Neben Computervernetzung wurde damals an Bildtelefonie, Datenübertragung und
Sprachdienste gedacht, die alle auf der gleichen Technologie aufsetzen sollten.
Von diesen Anwendungen sind heutzutage nahezu ausschliesslich Telefonie und
Computervernetzung relevant, die anderen konnten sich am Markt nicht
durchsetzen.
ISDN hat gegenüber der analogen Telefonleitung folgende Vorteile:
- Es können mehrere Rufnummern vergeben werden, die zu einem Anschluss
gehören.
- Es können leichter bestimmte Endnummern für bestimmte Geräte (Computer, Fax
...) vergeben werden.
- Anrufweiterleitungen z.B. auf Handys sind problemlos möglich.
- Der Verbindungsaufbau ist wesentlich schneller - dies ist vor allem für
Computerverbindungen interessant.
- Konferenzschaltungen sind einfacher möglich.
- Ist der gewünschte Gesprächsteilnehmer nicht erreichbar, weil die Leitung
besetzt ist, dann kann ein automatischer Rückruf veranlasst werden, d.h. nach
Beenden des laufenden Geprächs ruft das Telefon automatisch denjenigen an, der
vergeblich versucht hatte, den Teilnehmer zu erreichen.

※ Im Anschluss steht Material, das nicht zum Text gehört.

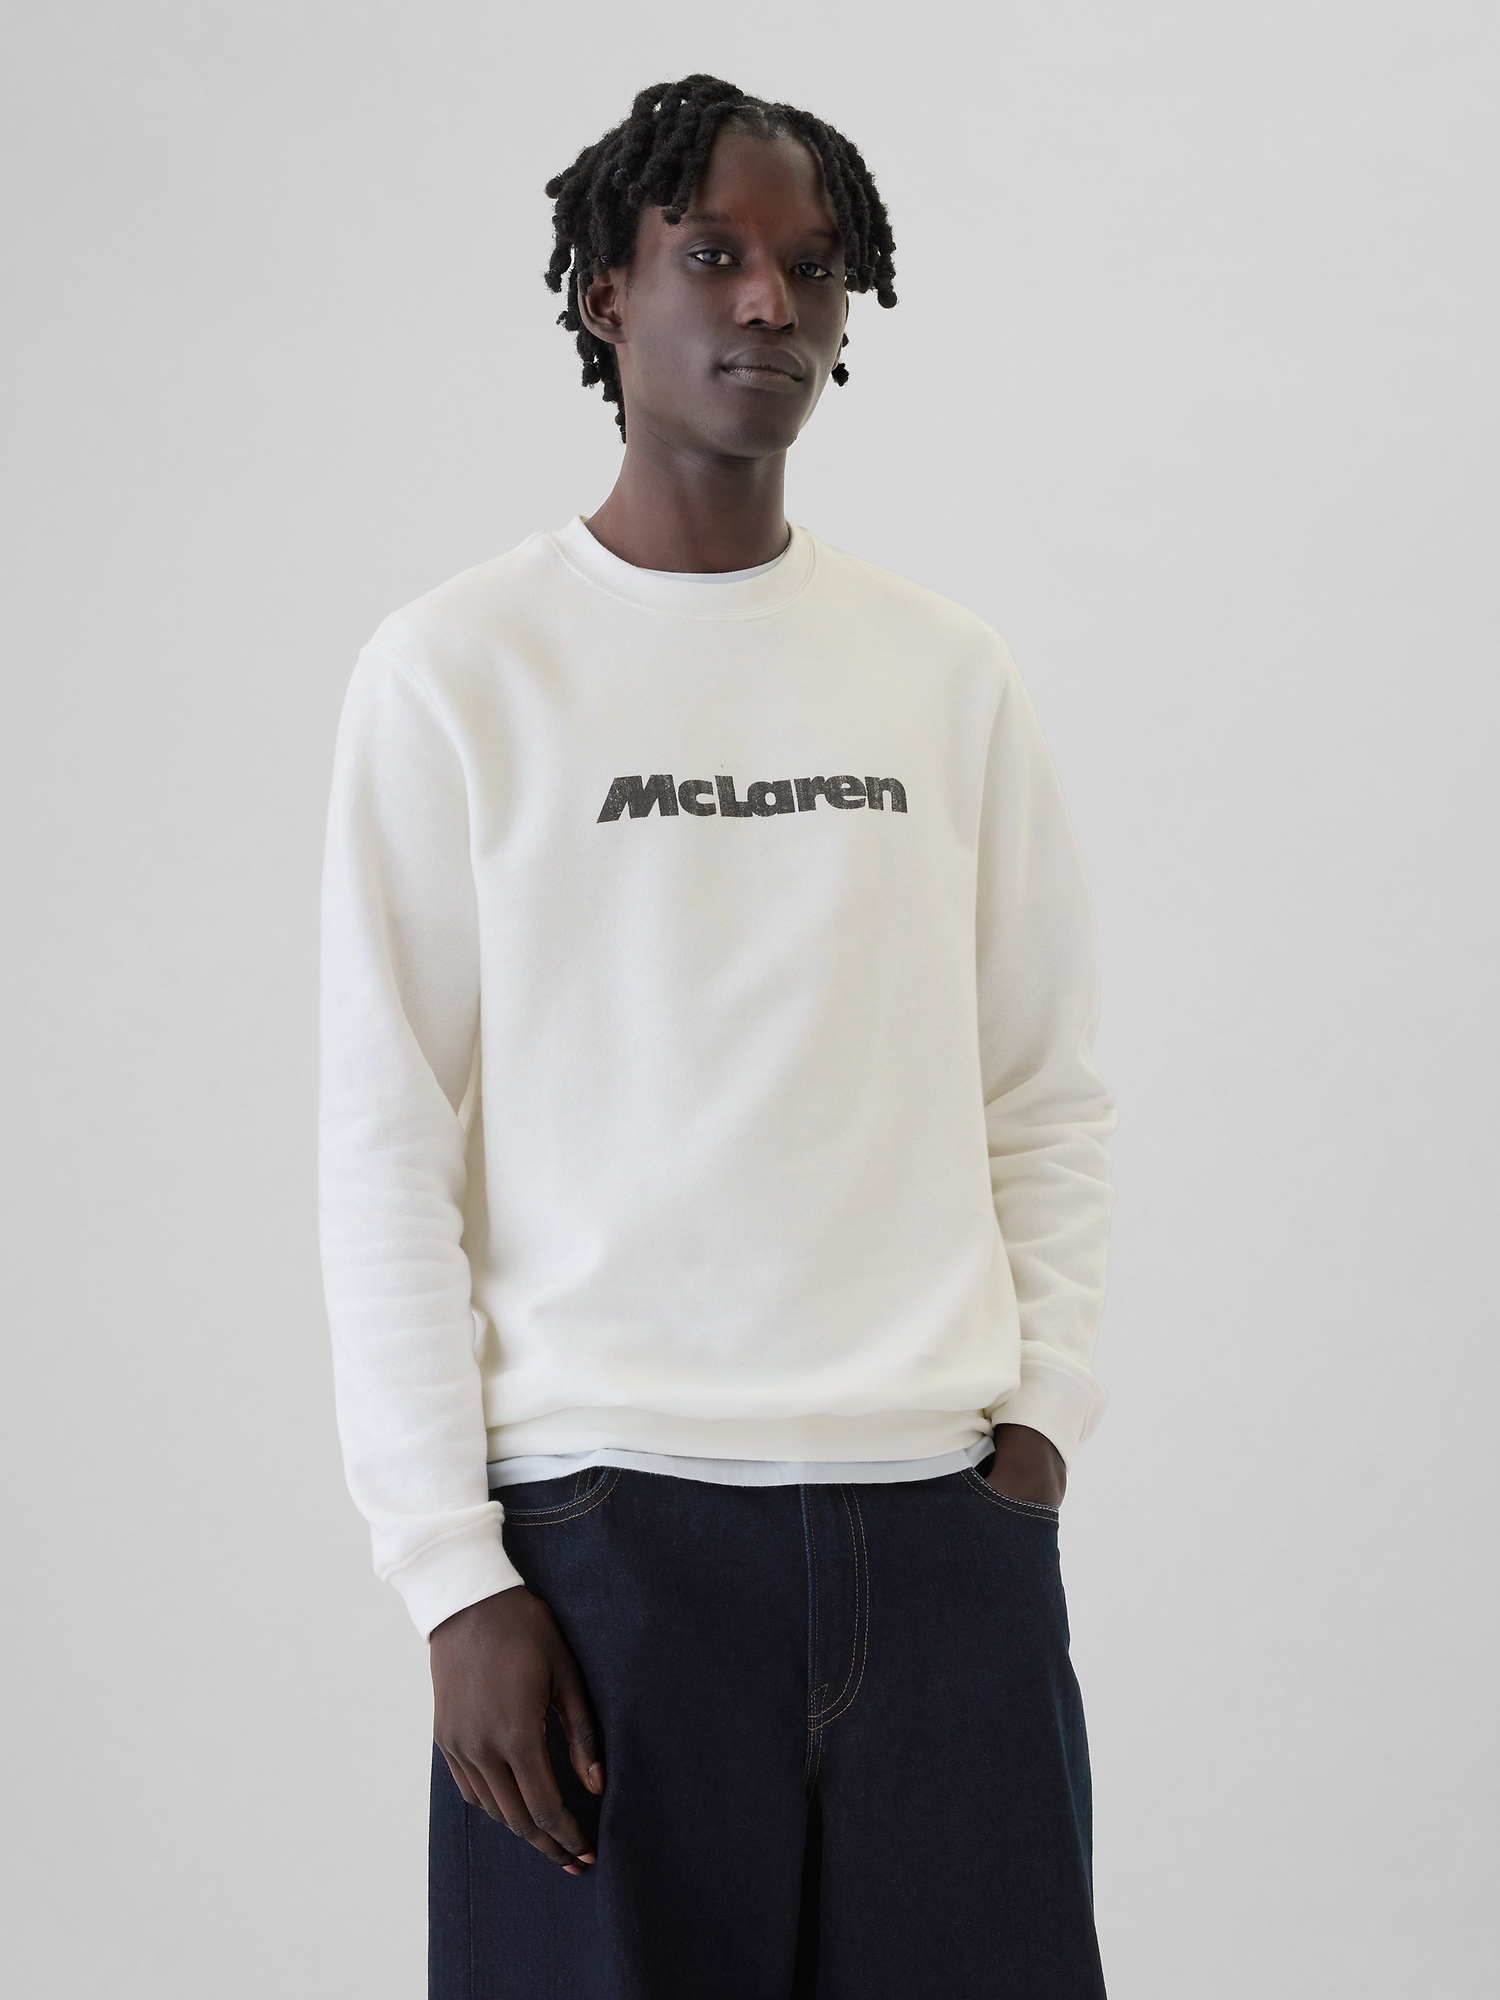 McLaren Graphic Sweatshirt

- Für Computervernetzung bietet ISDN eine Übertragungsrate von bis zu 128
Kbit/s, während die besten Modems auf 56 Kbit/s kommen.
Da ISDN eine rein digitale Verbindungstechnik ist, kommen an den Endpunkten
keine Modems, sondern sogenannte Netzabschlussgeräte (NTBA) zum Einsatz. Ihre
Aufgabe ist es unter anderem, den Anschluss von mehreren Endgeräten an eine
ISDN-Leitung zu ermöglichen.
ISDN-Verbindungen weden über den S0-Bus (sprich: S-Null-Bus; die Leitung, an
die ISDN-Endgeräte direkt angeschlossen werden können) geführt. Zu diesem
gehören zwei B-Kanäle, die jeweils 64 Kbit/s Bandbreite haben und für den
Datentransport reserviert sind und ein D-Kanal (16 Kbit/s), der für die
Steuersignale des Protokolls reserviert und ständig aktiv ist. An einen S0-Bus
dürfen maximal 12 Anschlussdosen, 8 Endgeräte und davon maximal 4 Telefone
angeschlossen werden.
Die Zukunft von ISDN ist ein wenig unklar. Zwar ist es inzwischen sehr weit
verbreitet, Versionen mit höherer Bandbreite sind jedoch nicht vorgesehen - und
für die Vernetzung von Rechnern gibt es inzwischen schnellere Alternativen.
Weiterführende Links
"Peters ISDN Seiten". Software, Informationen zu ISDN. Etwas unübersichtlich,
aber viele Infos (Deutsch):
http://home.t-online.de/home/Peter.Zwosta/
European Telecommunications Standards Institute. Die Webseite bietet recht
technische Informationen zu diversen Standards, darunter ISDN. (Englisch):
http://www.etsi.org/
Fragen und Antworten
Kann ich mein altes Telefon weiterverwenden, wenn ich auf einen
ISDN-Telefonanschluss umstelle?
Ja, es wird ein Konverter installiert, der analoge Ausgänge für die
handelsüblichen Telefone bereitstellt. Auch Faxgeräte können daran
angeschlossen werden.
Was ist CAPI? Es wird immer im Zusammenhang mit ISDN erwähnt.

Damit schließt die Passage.